> [Required action] Print the listing in its entirety and exactly, leaving out images.

> [Data segment]
-*-
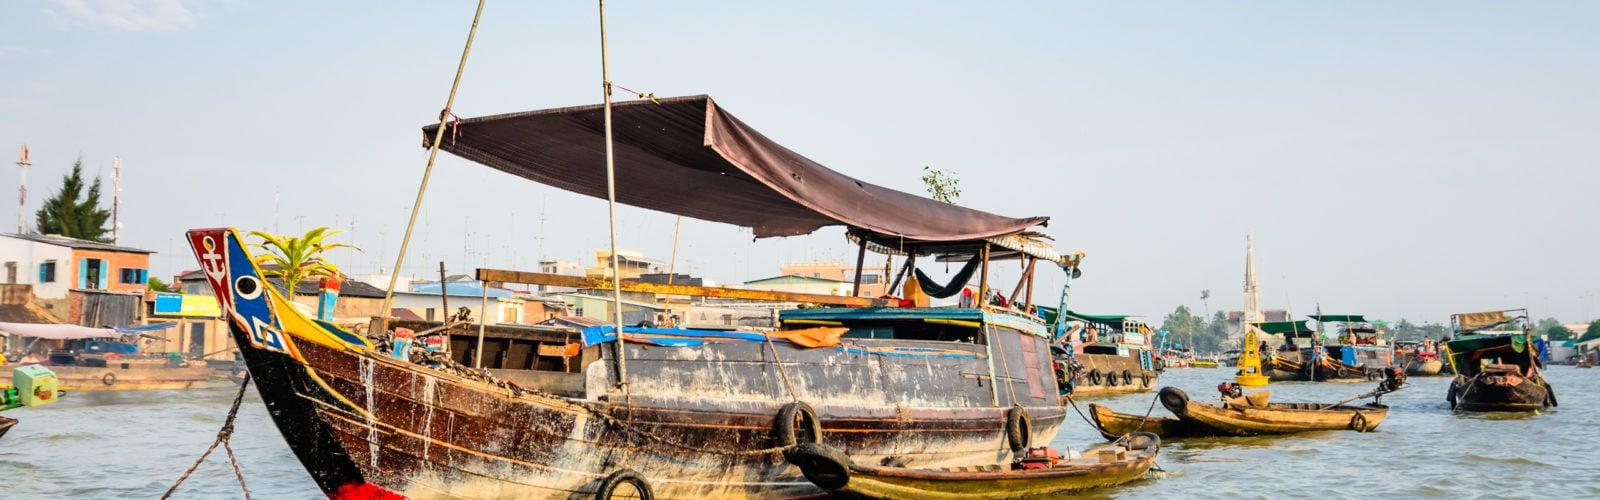 cai-be-floating-market.
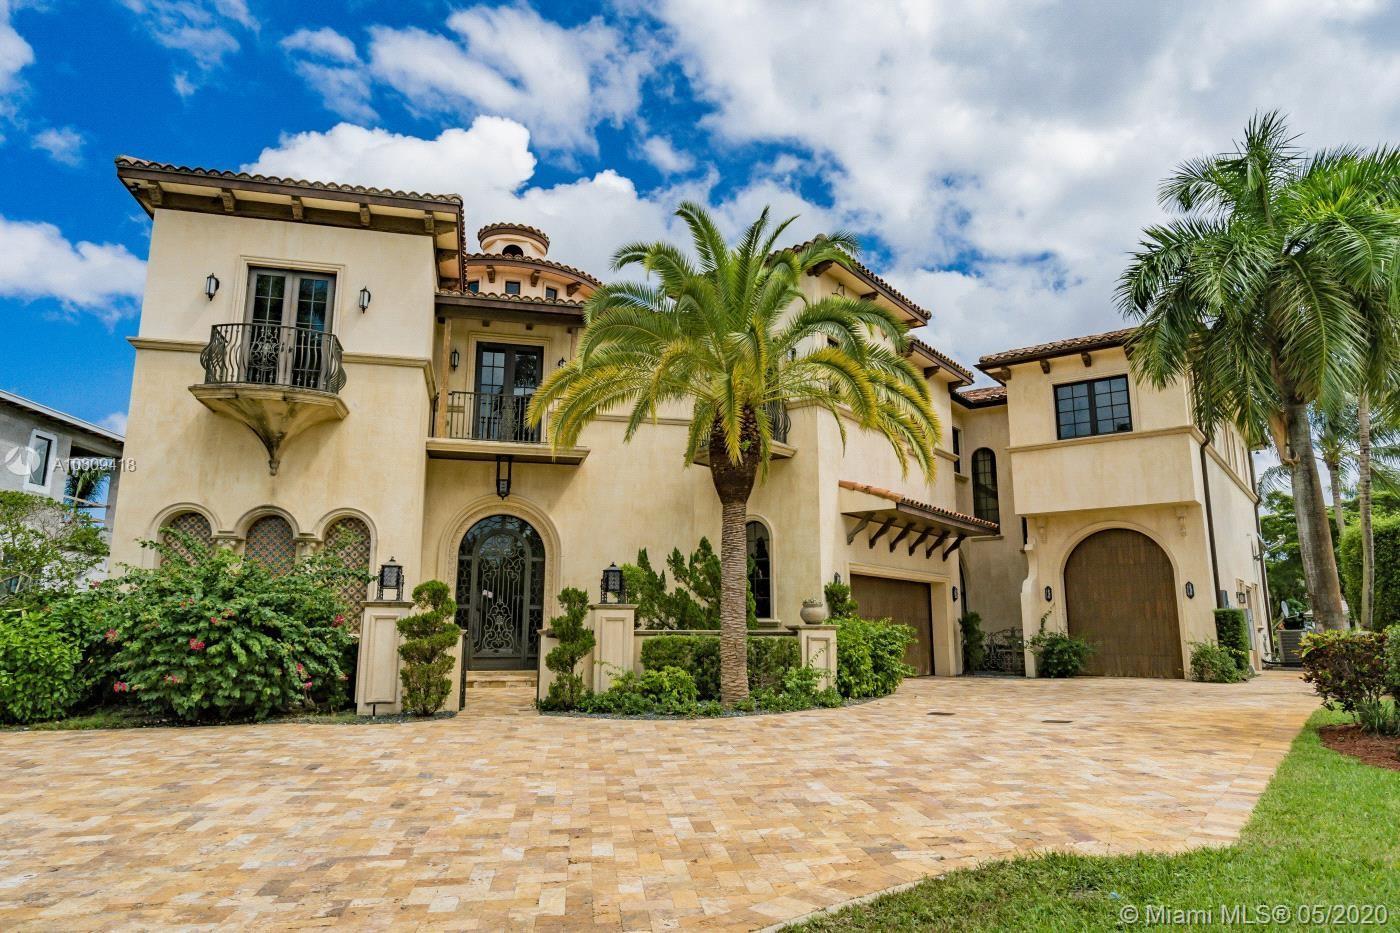 17828 Scarsdale Way Property Photo - Boca Raton, FL real estate listing
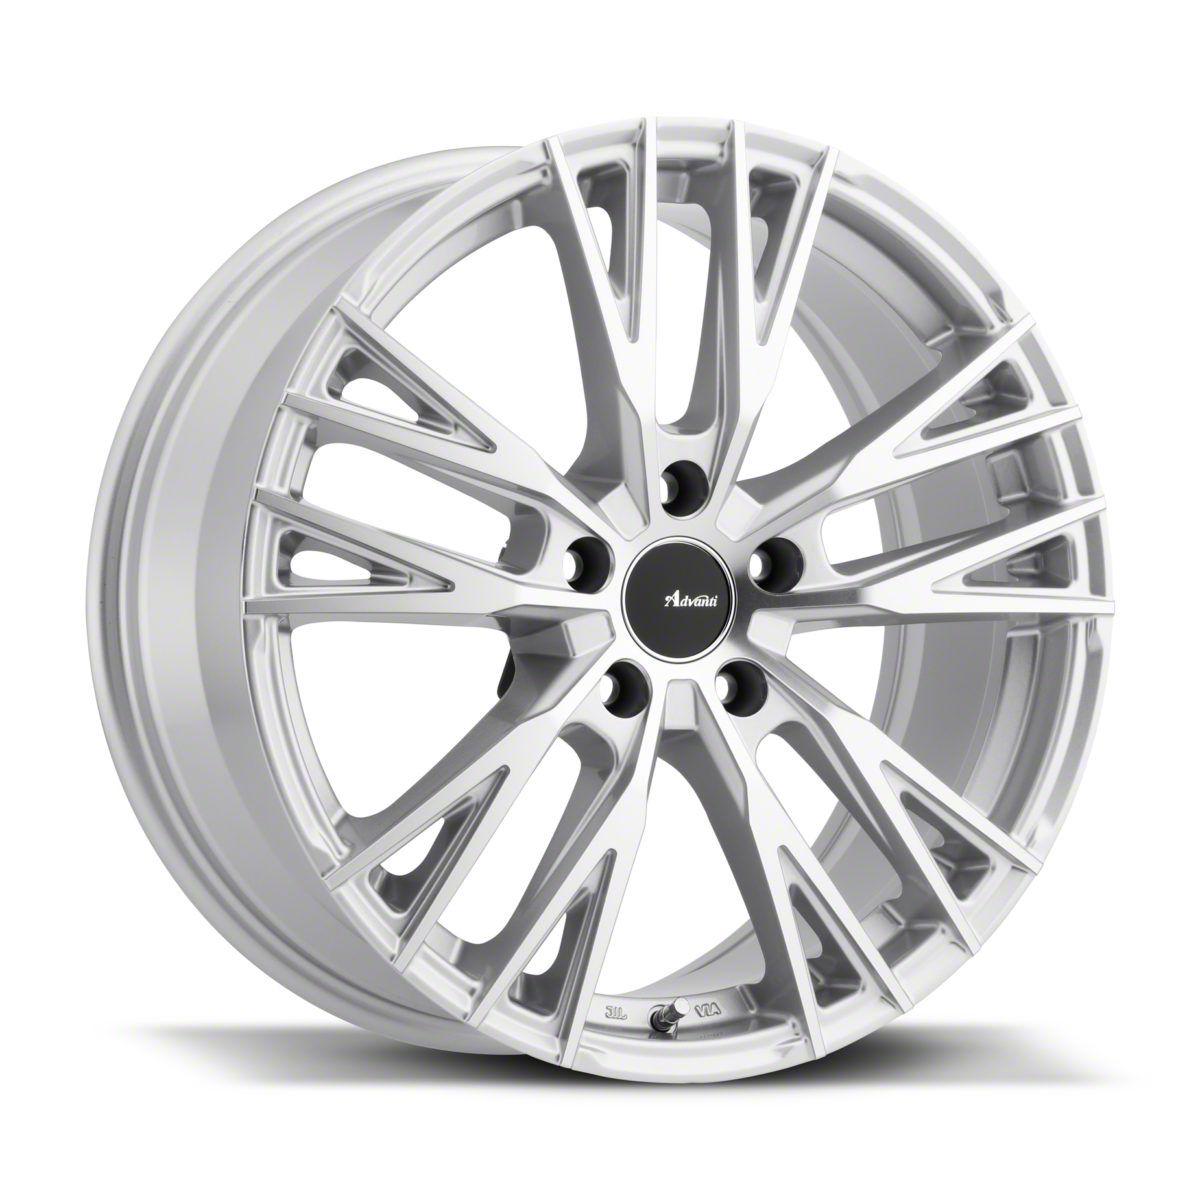 Advanti Forchette Silver w/ Machined Face Wheel - 18x8 (05-14 Standard GT, V6)
-*-
> [Response for this exercise]
 cai-be-floating-market.
 17828 Scarsdale Way Property Photo - Boca Raton, FL real estate listing
 Advanti Forchette Silver w/ Machined Face Wheel - 18x8 (05-14 Standard GT, V6)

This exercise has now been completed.